Ele percebeu que o fato de acreditar em determinada ideologia e ter uma visão libertária do mundo nem sempre leva a ter um comportamento libertário em suas relações pessoais com seus semelhantes – há algo mais, como um barreira inconsciente, que determina as atitudes dos indivíduos em relação à vida e às outras pessoas. Freire, então, rompeu com a psicanálise e nas décadas seguintes pesquisou e desenvolveu a Somaterapia – uma forma de terapia em forma de pedagogia, ou uma espécie de pedagogia com efeitos terapêuticos.

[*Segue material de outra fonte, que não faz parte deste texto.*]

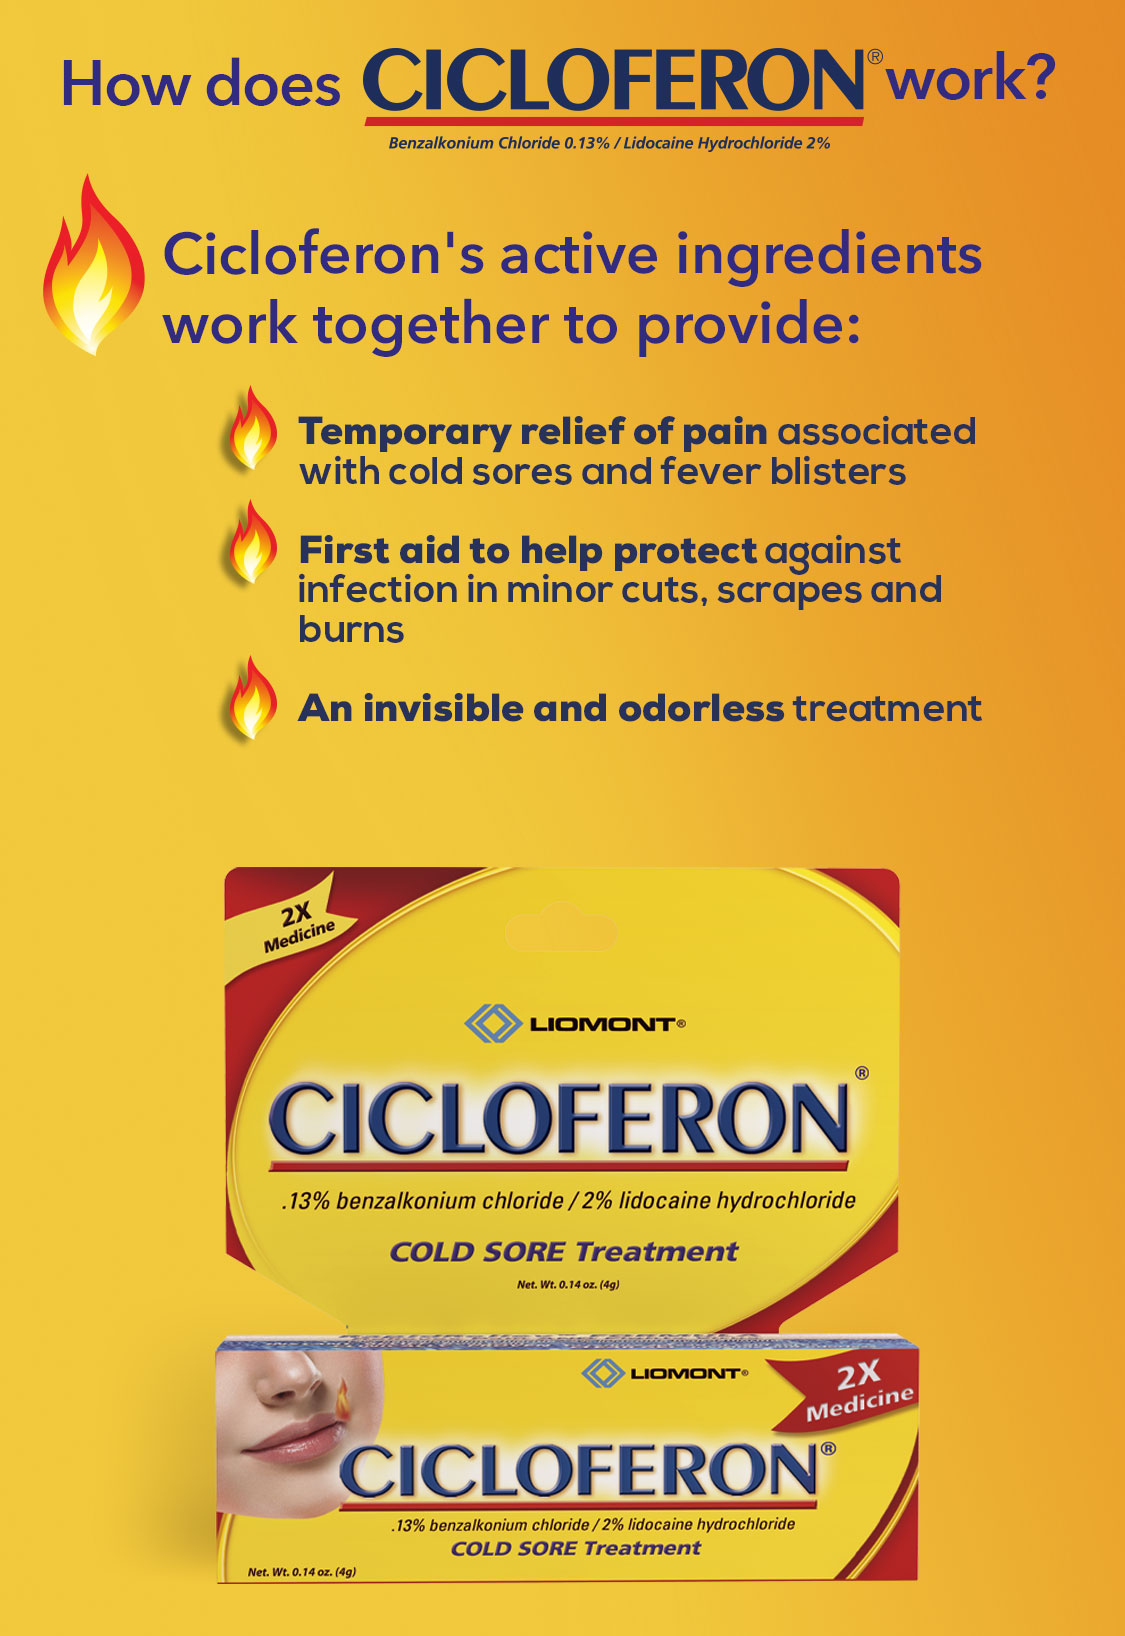 How works Cicloferon

Isso significa que a forma de lidar com a neurose é deslocada de uma perspectiva médica para uma educacional.

O objetivo da Somaterapia é libertar aqueles que foram submetidos à repressão (ou seja todos nós). Ela se sustenta-se na teoria e na práxis da psicologia social e corporal de Wilhelm Reich, Antipsiquiatria, Gestalt Terapia, Anarquismo e com a arte afro-brasileira do povo chamado Capoeira Angola da Bahia

A técnica que ele criou consiste em reunir um grupo de pessoas para formar um coletivo com duração limitada (cerca de um ano e meio) exatamente tal quais as Zonas Autônomas Temporárias de Hakim Bey. Esses grupos por meio de dinâmicas autogestionárias e não hierárquicas, buscará explorar, compreender e desenvolver suas capacidades de ser criativo, autorregulado, amar e ser amado e ter confiança na defesa de seus próprios desejos e necessidades em relação a uma sociedade hostil aos indivíduos independentes.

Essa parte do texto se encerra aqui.